Word vectors similarity is determined by comparing words, text spans and documents and see how similar they are to each other.

In [11]:
nlp = spacy.load('en_core_web_lg')

tokens = nlp('phone computer laptop tablet iPad keyboard cat')
for token1 in tokens:
    for token2 in tokens:
        print(token1.text, token2.text, token1.similarity(token2))

phone phone 1.0
phone computer 0.43940938
phone laptop 0.4505272
phone tablet 0.36992612
phone iPad 0.38192368
phone keyboard 0.39879575
phone cat 0.20879981
computer phone 0.43940938
computer computer 1.0
computer laptop 0.677216
computer tablet 0.39069566
computer iPad 0.36855808
computer keyboard 0.54257494
computer cat 0.25593635
laptop phone 0.4505272
laptop computer 0.677216
laptop laptop 1.0
laptop tablet 0.51973575
laptop iPad 0.49825644
laptop keyboard 0.5842703
laptop cat 0.2226368
tablet phone 0.36992612
tablet computer 0.39069566
tablet laptop 0.51973575
tablet tablet 1.0
tablet iPad 0.52852917
tablet keyboard 0.44440588
tablet cat 0.16365997
iPad phone 0.38192368
iPad computer 0.36855808
iPad laptop 0.49825644
iPad tablet 0.52852917
iPad iPad 1.0
iPad keyboard 0.4158086
iPad cat 0.17459533
keyboard phone 0.39879575
keyboard computer 0.54257494
keyboard laptop 0.5842703
keyboard tablet 0.44440588
keyboard iPad 0.4158086
keyboard keyboard 1.0
keyboard cat 0.19105299
cat phon

Doc, Span, and Token objects contain a method called .similarity to compute similarity. As we can see in the code above, the method produces a number between 0 and 1 to represent the similarity. Related objects have a greater similarity score, while less related objects have a lower similarity score.

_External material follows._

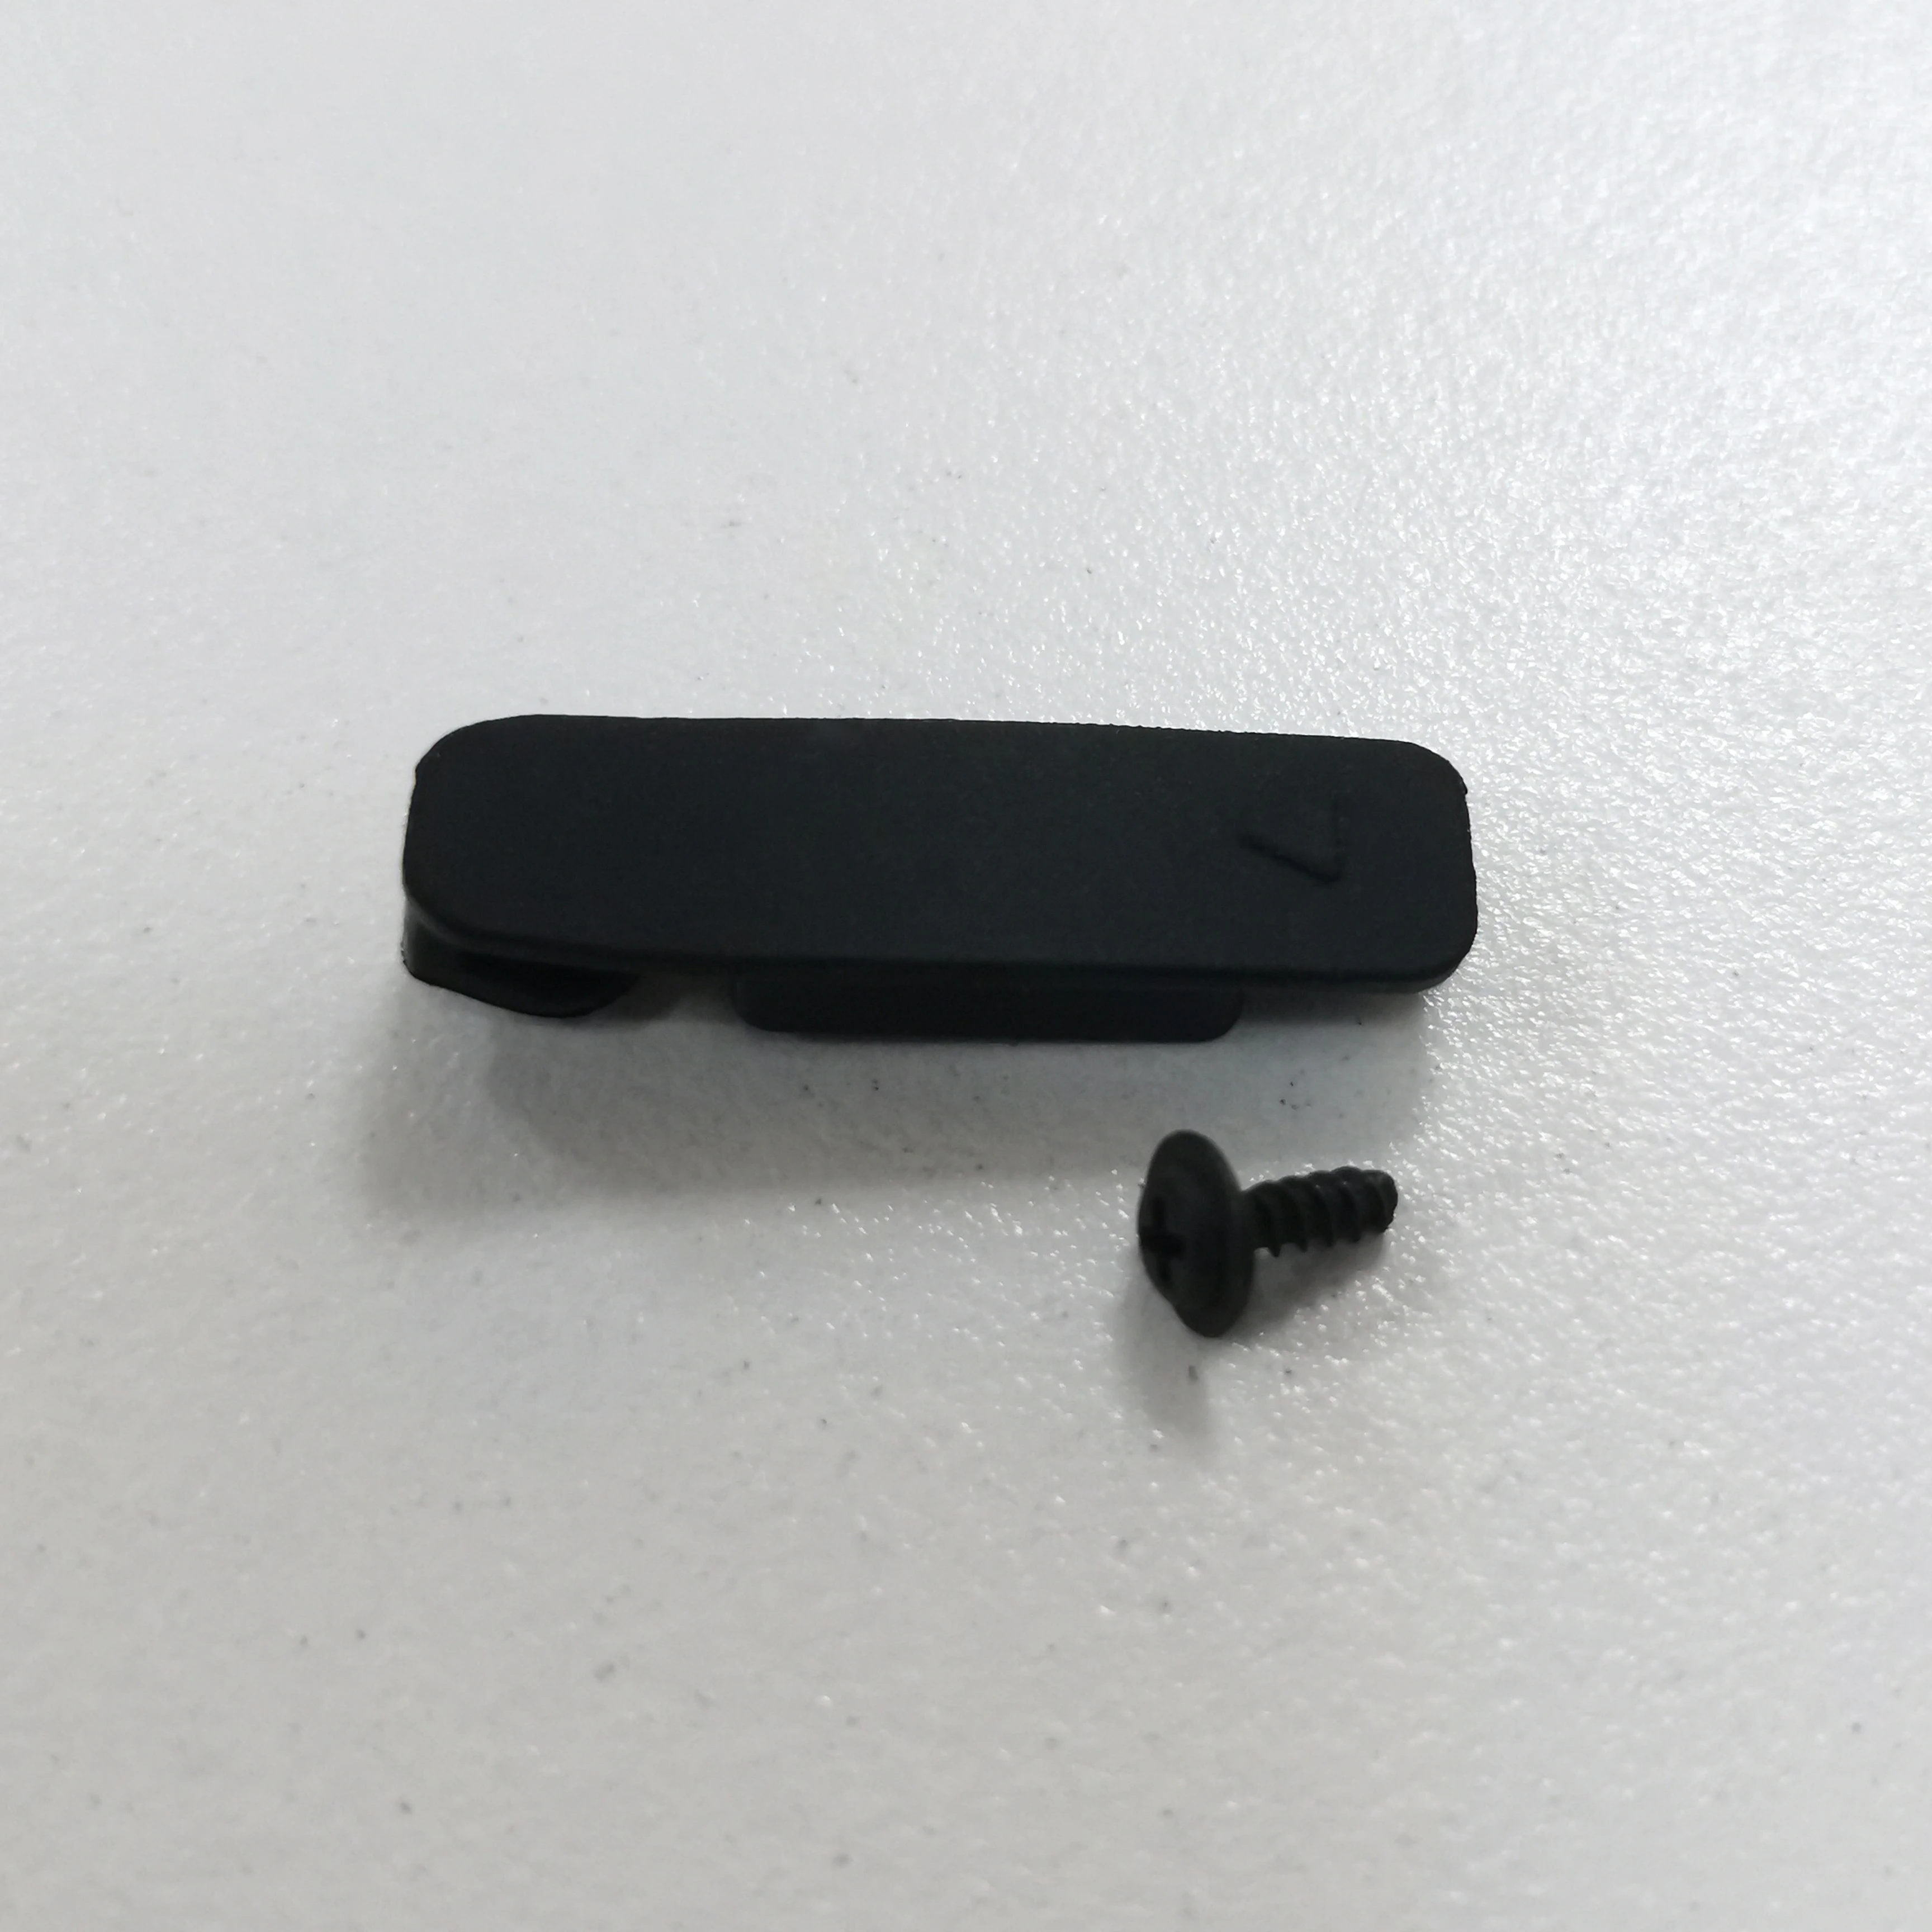 For Garmin Edge 820 USB-Gummi Cover Vandtæt Knappen Skrue Oprindelige Aldring Reparation Udskiftning

Besides words, we can also compute the similarity between two sentences.

In [15]:
doc1 = nlp("Texas A&M University is a public research university in College Station, Texas.")
doc2 = nlp("William Marsh Rice University, commonly known as Rice University, is a private research university in Houston, Texas. ")
doc3 = nlp("Duke University is a private research university in Durham, North Carolina.")
doc4 = nlp("iPhone is the best phone in the world.")

print(doc1.similarity(doc2))
print(doc1.similarity(doc3))
print(doc1.similarity(doc4))
print(doc2.similarity(doc3))
print(doc2.similarity(doc4))
print(doc3.similarity(doc4))

0.9149662098845188
0.9394194747654675
0.7161376005043467
0.9133130517126389
0.7099489517609865
0.687619863757093


## 3. Summary

spaCy is a great NLP library with a huge amount of features, especially for production use. It provides great performance, efficiency and accuracy with state-of-the-art algorithms for NLP tasks. This spotlight just shows a small parts of the full potential of spaCy. There are more to discover in this amazing library.